File "/home/perry/phd/tvm-power-profile/tvm/src/runtime/contrib/papi/papi.cc", line 131
TVMError: Check failed: PAPI_library_init(((((7)<<24) | ((0)<<16) | ((0)<<8) | (0)) & 0xffff0000)) == ((((7)<<24) | ((0)<<16) | ((0)<<8) | (0)) & 0xffff0000) (-1 vs. 117440512) : Error while initializing PAPI

However, I have v6.0 of PAPI installed.

I verified this by compiling and running this C++ program:

// Import and initalize the PAPI library
// g++ -std=c++11 -o papi_test papi_test.cpp -lpapi
#include <cmath>
#include <cstdio>
#include <cstdlib>
#include <cstring>
#include <fstream>
#include <iostream>
#include <papi.h>
#include <string>
#include <vector>

using namespace std;

#define NUM_EVENTS 2
#define NUM_RUNS 10

int main(int argc, char *argv[]) {
  // Initialize the PAPI library
  int retval = PAPI_library_init(PAPI_VER_CURRENT);
  if (retval != PAPI_VER_CURRENT) {
    cout << "PAPI library init error!" << endl;
    exit(1);
  }
  cout << PAPI_VER_CURRENT << endl;
}

This confirmed that I was running v6.0, since I printed 100663296 rather than 117440512. I tried clearing my build directory of TVM and compiling again from scratch. The cmake process confirmed that it had found PAPI v6.0.

However, the error happened again. My workaround is to edit the line of papi.cc in TVM, so that v6.0 is hardcoded:

CHECK_EQ(PAPI_library_init(100663296), 100663296)
          << "Error while initializing PAPI";

This could be an issue with a partially broken PAPI install on my machine, but all of the libraries and headers appear to be the right version. I have my work around, so I’m just documenting this for anyone else searching for the error.

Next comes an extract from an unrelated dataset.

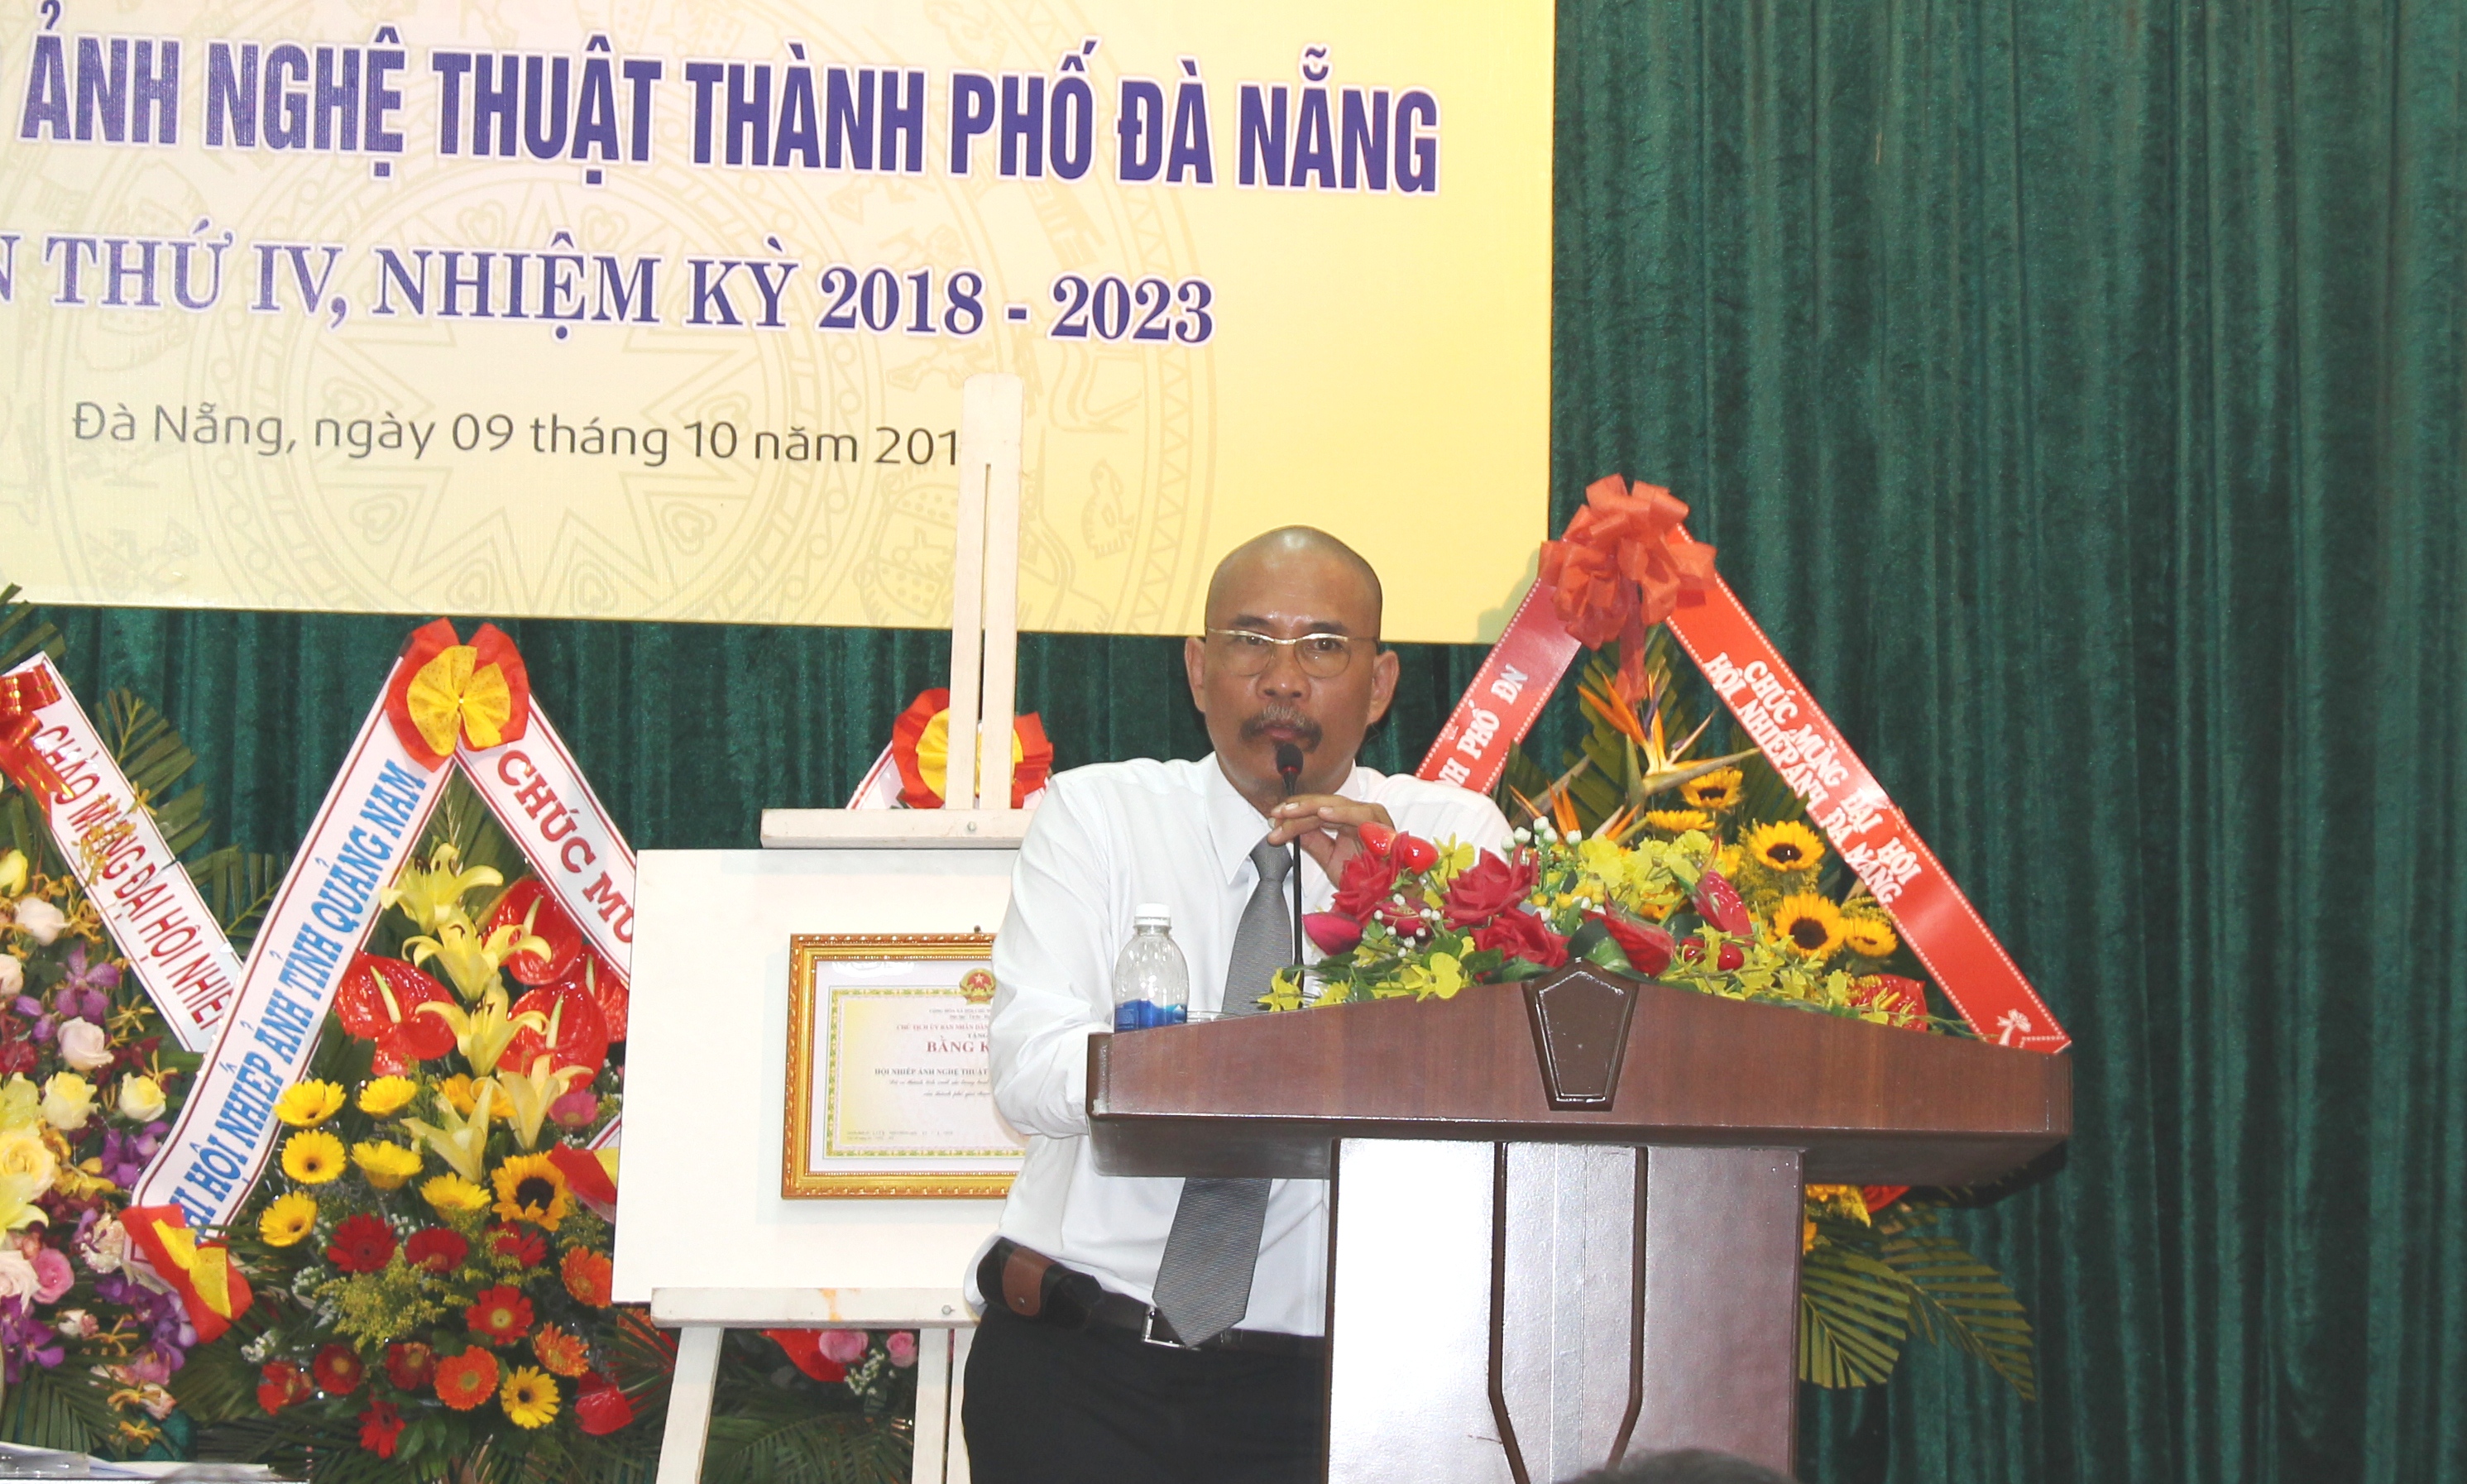 Đại hội Hội Nhiếp ảnh Nghệ thuật thành phố Đà Nẵng lần thứ IV (nhiệm kỳ 2018 - 2023)

As I understand it, PAPI_VER_CURRENT is defined in papi.h, and there is only one version of that on my system according to $ locate papi.h.

I was ultimately unable to run CUDA counters with this setup.

I moved to a Docker container, with permissive access to hardware counters. For some reason, in this setup, the recommended PAPI version papi-6-0-0-1-t was unable to build with support for my system, so I have tried papi-7-0-1-t.

This works, but on the TVM side when I try to profile I get the error:

  File "/tvm/src/target/opt/build_cuda_on.cc", line 147
TVMError: 
---------------------------------------------------------------
An error occurred during the execution of TVM.
For more information, please see: https://tvm.apache.org/docs/errors.html
---------------------------------------------------------------
  Check failed: (calling_conv == CallingConv::kDeviceKernelLaunch) is false: CodeGenCUDA: expect calling_conv equals CallingConv::kDeviceKernelLaunch

If I insert a basic print statement at the line in the file in question, I get the output:

2
2
2
2
2
1

As the value of calling_conv on each invocation before the crash.

My profiling code is this:

import tvm
from tvm import relay
from tvm.relay.testing import mlp
from tvm.runtime import profiler_vm
import numpy as np

# target = "llvm"
# target_host = "llvm"
# dev = tvm.cpu()

target = "cuda"
target_host = "llvm"
dev = tvm.cuda(0)

mod, params = mlp.get_workload(1)

exe = relay.vm.compile(mod, target, target_host=target, params=params)


data = tvm.nd.array(np.random.rand(1, 1, 28, 28).astype("float32"), device=dev)
vm = profiler_vm.VirtualMachineProfiler(exe, dev)
report = vm.profile(
    data,
    func_name="main",
    collectors=[
        tvm.runtime.profiling.PAPIMetricCollector(
            {dev: ["nvml:::NVIDIA_GeForce_RTX_3090:device_1:power"]}
        )
    ],
)

print(report)

I’m going to try running on a different host, since although in a container I was able to bypass some issues of the host, since we’re dealing with stuff close to the kernel I might be hitting some of the same issues.